The Court held that government involvement in this case creates "a state-sponsored and state-directed religious exercise in a public school.

Wisconsin v. Yoder (May 15, 1972) Fact- Jonas Yoder and Wallace Miller, both members of the Old Order Amish religion, and Adin Yutzy, a member of the Conservative Amish Mennonite Church, were prosecuted under a Wisconsin law that required all children to attend public schools until age 16.

The Court held that individual's interests in the free exercise of religion under the First Amendment outweighed the State's interests in compelling school attendance beyond the eighth grade. In the majority opinion by Chief Justice Warren E. Burger, the Court found that the values and programs of secondary school were "in sharp conflict with the fundamental mode of life mandated by the Amish religion," and that an additional one or two years of high school would not produce the benefits of public education cited by Wisconsin to justify the law.Justice William O. Douglas filed a partial dissent but joined with the majority regarding Yoder.

*Santa Fe School Independent School District v. Doe (Jun 19, 2000) Fact- Prior to 1995, a student elected as Santa Fe High School's student council chaplain delivered a prayer, described as overtly Christian, over the public address system before each home varsity football game.

The Court held that the District's policy permitting student-led, student-initiated prayer at football games violates the Establishment Clause. The Court concluded that the football game prayers were public speech authorized by a government policy and taking place on government property at government-sponsored school-related events and that the District's policy involved both perceived and actual government endorsement of the delivery of prayer at important school events.

*Grutter v. Bollinger (Jun 23, 2003) Fact- In 1997, Barbara Grutter, a white resident of Michigan, applied for admission to the University of Michigan Law School. Grutter applied with a 3.8 undergraduate GPA and an LSAT score of 161. She was denied admission. The Law School admits that it uses race as a factor in making admissions decisions because it serves a "compelling interest in achieving diversity among its student body."

The Court held that the Equal Protection Clause does not prohibit the Law School's narrowly tailored use of race in admissions decisions to further a compelling interest in obtaining the educational benefits that flow from a diverse student body.

Gratz v.
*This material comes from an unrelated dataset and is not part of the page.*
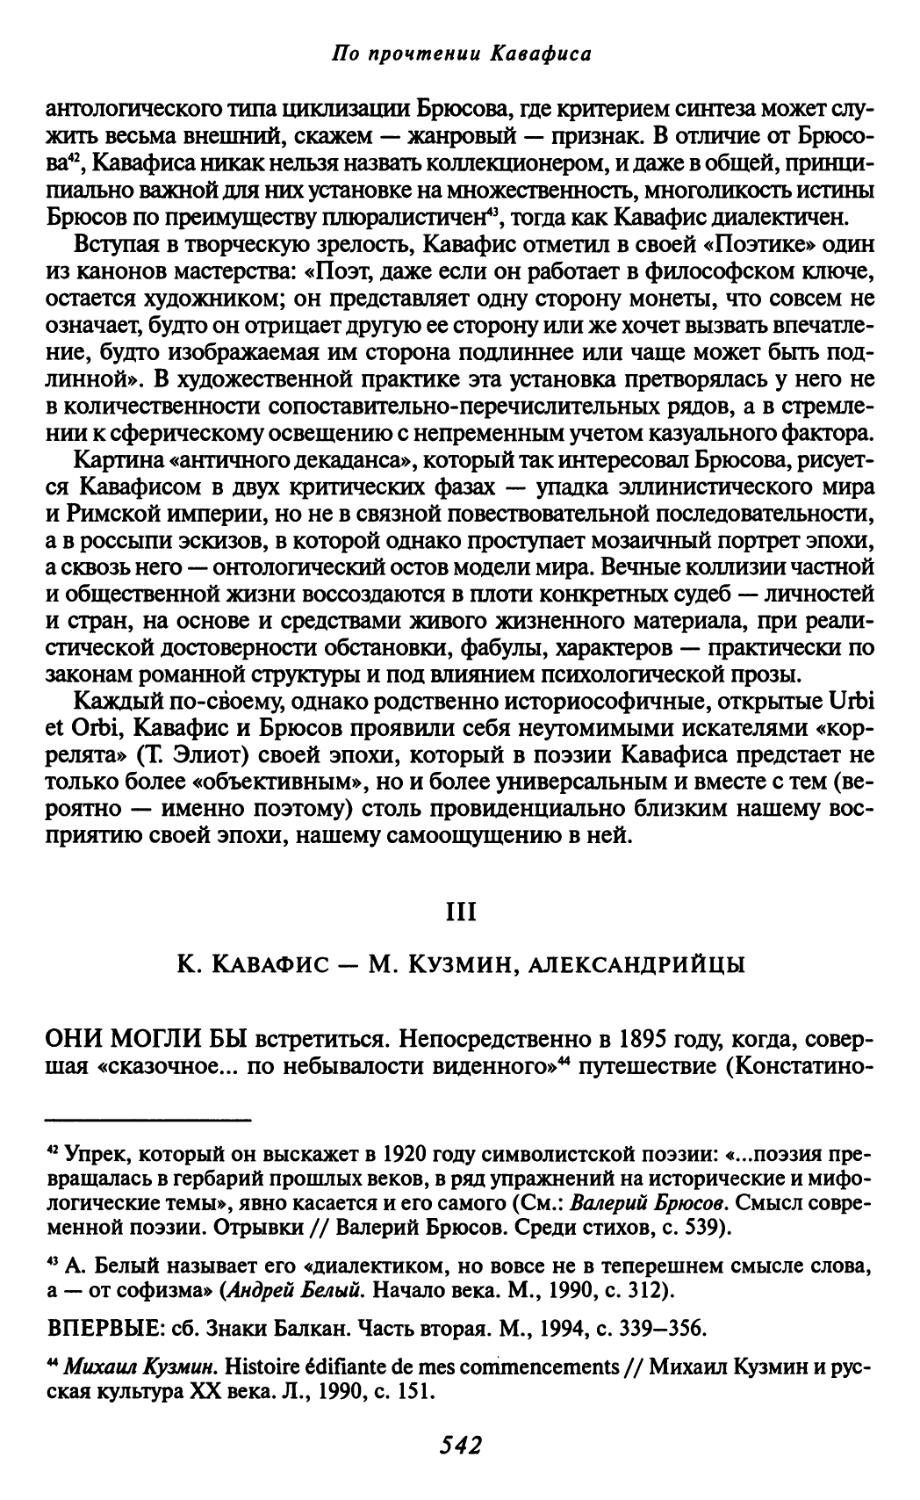 III. К. Кавафис — М. Кузмин, александрийцы

Bollinger (Jun 23, 2003) Fact- In 1995, Jennifer Gratz applied to the University of Michigan's College of Literature, Science and the Arts with an adjusted GPA of 3.8 and ACT score of 25. In 1997, Patrick Hamacher applied to the University with an adjusted GPA of 3.0, and an ACT score of 28. Both were denied admission and attended other schools. The University admits that it uses race as a factor in making admissions decisions because it serves a "compelling interest in achieving diversity among its student body."
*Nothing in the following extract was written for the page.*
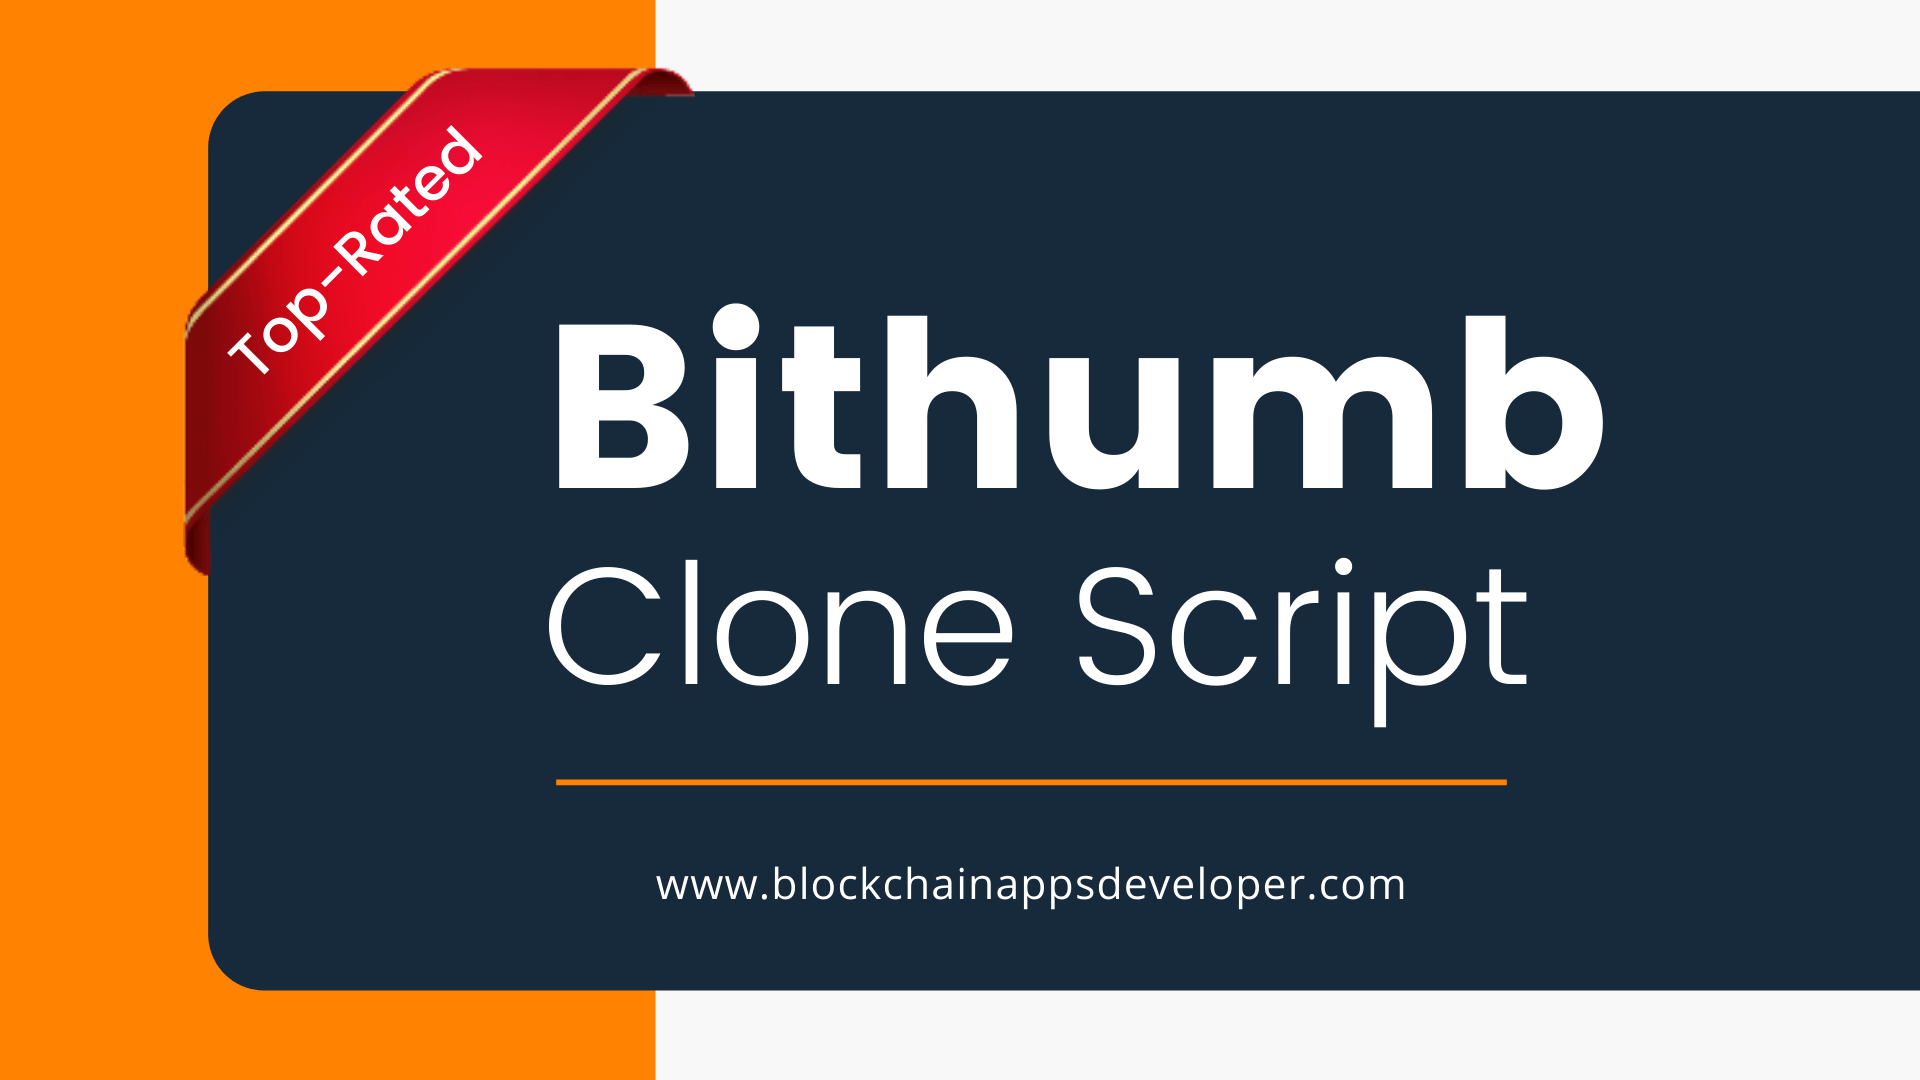 Bithumb Clone Script To Start Cryptocurrency Exchange Like Bithumb

The Court held that the University of Michigan's use of racial preferences in undergraduate admissions violates both the Equal Protection Clause and Title VI.

McCreary County, KY v. ACLU of Kentucky and Van Orden v. Perry (Jun 27, 2005) Fact- Thomas Van Orden sued Texas in federal district court, arguing a Ten Commandments monument on the grounds of the state capitol building represented an unconstitutional government endorsement of religion.

The Court held that the establishment clause did not bar the monument on the grounds of Texas' state capitol building. The plurality deemed the Texas monument part of the nation's tradition of recognizing the Ten Commandments' historical meaning. Though the Commandments are religious, the plurality argued, "simply having religious content or promoting a message consistent with a religious doctrine does not run afoul of the establishment clause."

*Church of Lukumi Babalu Aye, Inc. v. City of Hialeah (Jun 11, 1993) Fact- The Church of Lukumi Babalu Aye practiced the Afro-Caribbean-based religion of Santeria. Santeria used animal sacrifice as a form of worship in which an animal's carotid arteries would be cut and, except during healing and death rights, the animal would be eaten.

The Court held that the ordinances were neither neutral nor generally applicable. The ordinances had to be justified by a compelling governmental interest and they had to be narrowly tailored to that interest. The core failure of the ordinances were that they applied exclusively to the church. The ordinances singled out the activities of the Santeria faith and suppressed more religious conduct than was necessary to achieve their stated ends. Only conduct tied to religious belief was burdened. The ordinances targeted religious behavior, therefore they failed to survive the rigors of strict scrutiny.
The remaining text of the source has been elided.